My father just gave me a Sheaffer snorkel, and I need to either learn how to repair it myself, or send it out for repair. I don't know the age or how to figure it out, but it looks like one of the models dated during the 1950s... maybe an Admiral ?? The rear cap threads fine, and the plunger and spring seem to operate ok. The snorkel assembly doesn't seem to twist out though. The front section does screw off, and the snorkel assembly is removable. I can't tell the condition of the sac, but I assume it is likely an original and will likely need to be replaced. The nib is an open single tone 14K gold nib, and appears to be in good condition. The feed has some ink staining on it, but it does not appear to be clogged from the fins that I can see. 

I have not tackled dis-assembly of any fountain pen other than the kit pens, so this is very new to me. I don't have any specialty tools for this kind of job either, so would need to consider that as well. For repairs to be sent out, I've looked at Richard Binder's website as a starting point, and it looks like he has about a 15-week turn around time. I'd rather not send something out for that long if I can avoid it.

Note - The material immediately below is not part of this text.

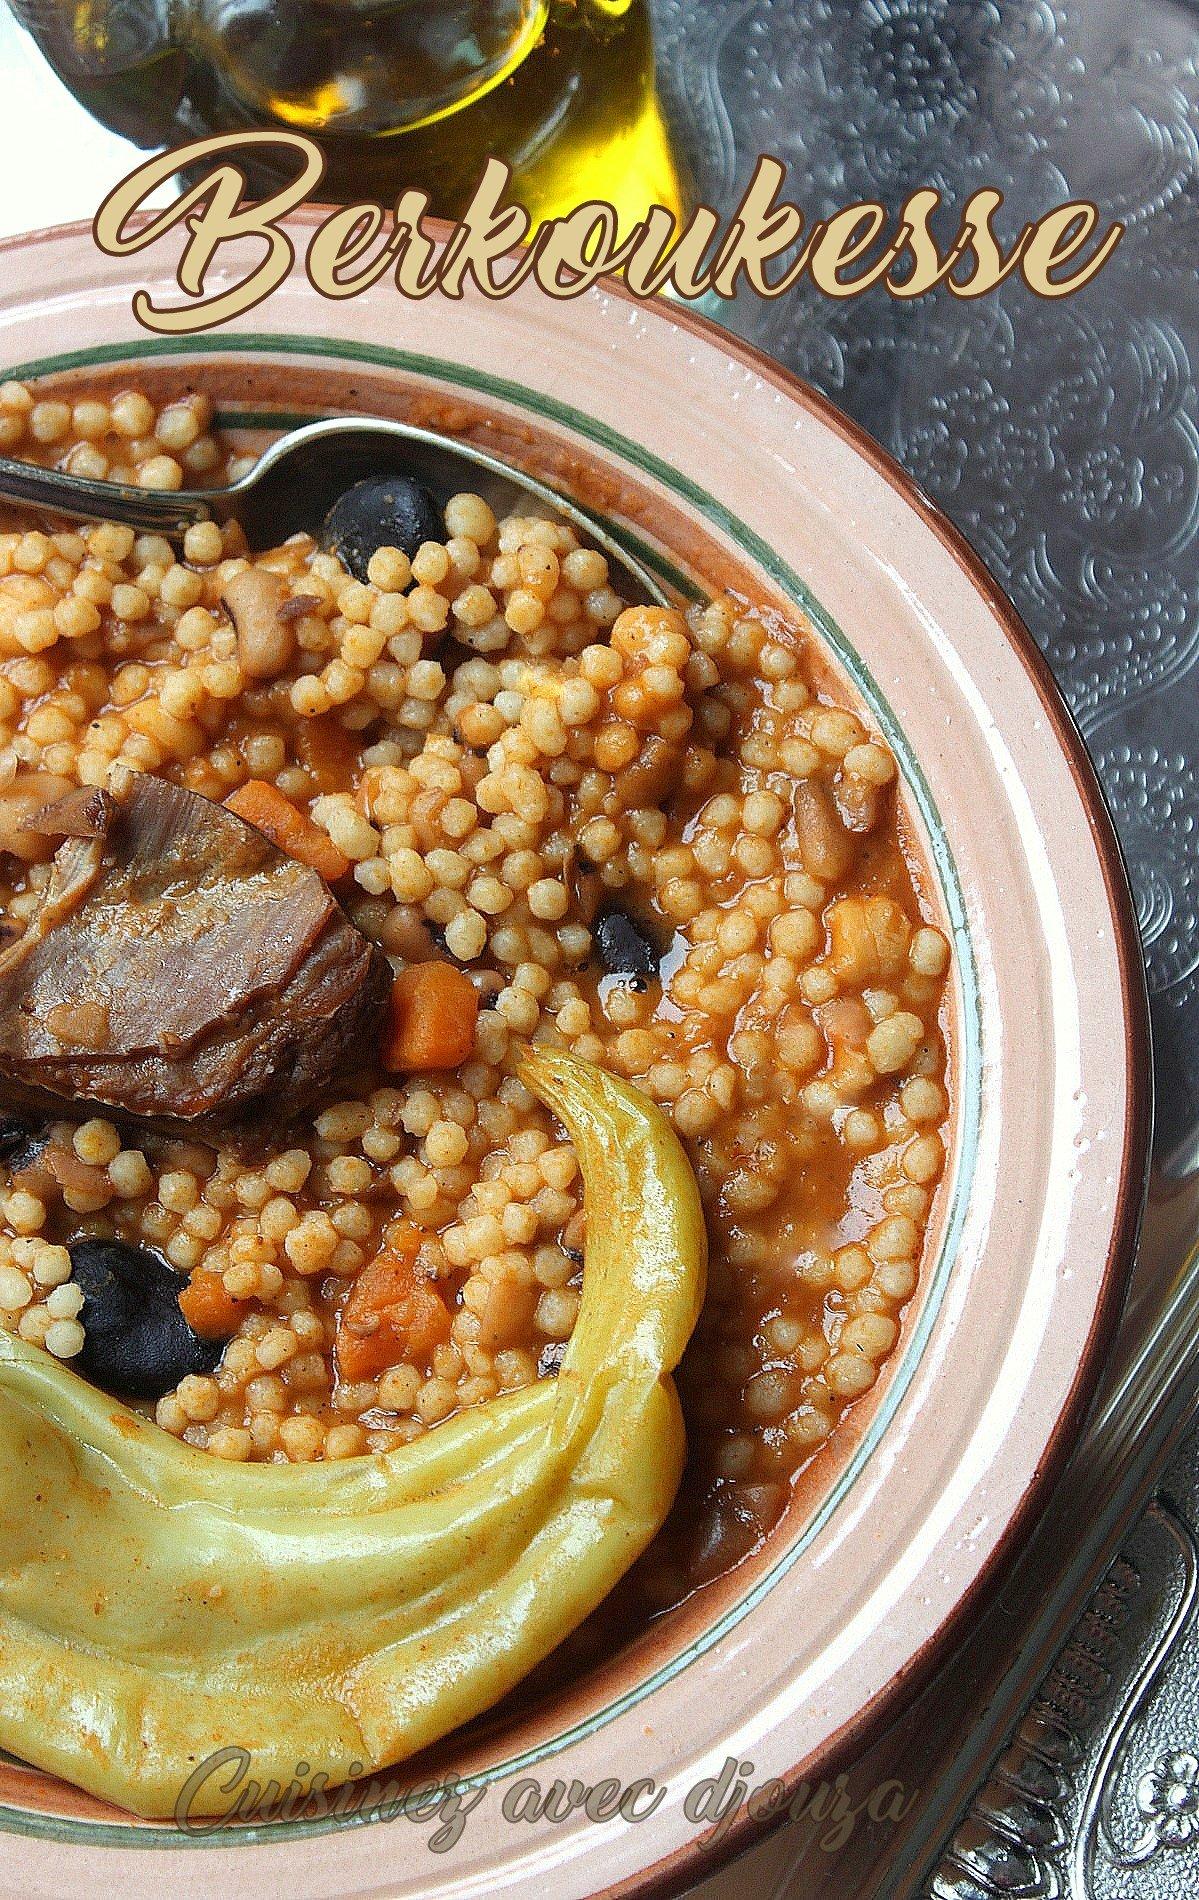 Berkoukes algerien la cuisine de djouza - Cuisine recette algerien ...

 I'm looking for recommendations from anyone who cares to offer them, for either repairing myself, or sending out.

Thanks,


----------



## ldb2000 (Jun 20, 2010)

The snorkles are a pain to fix and unless you have some experience with them it's better left to the experts . Check the fountain pen network www.fountainpennetwork.com . There are some guys there that do good work . Check in the Shaeffer forum .


----------



## penmaker56 (Jun 21, 2010)

My friend, Bert Heiserman, Pen Haven, Kensington, Md., specializes in repairing snorkels, and his turn around time is much shorter than Binders (when Sheaffer closed down their US factory, he got a lot of their parts). Email me and I will send you his information.


----------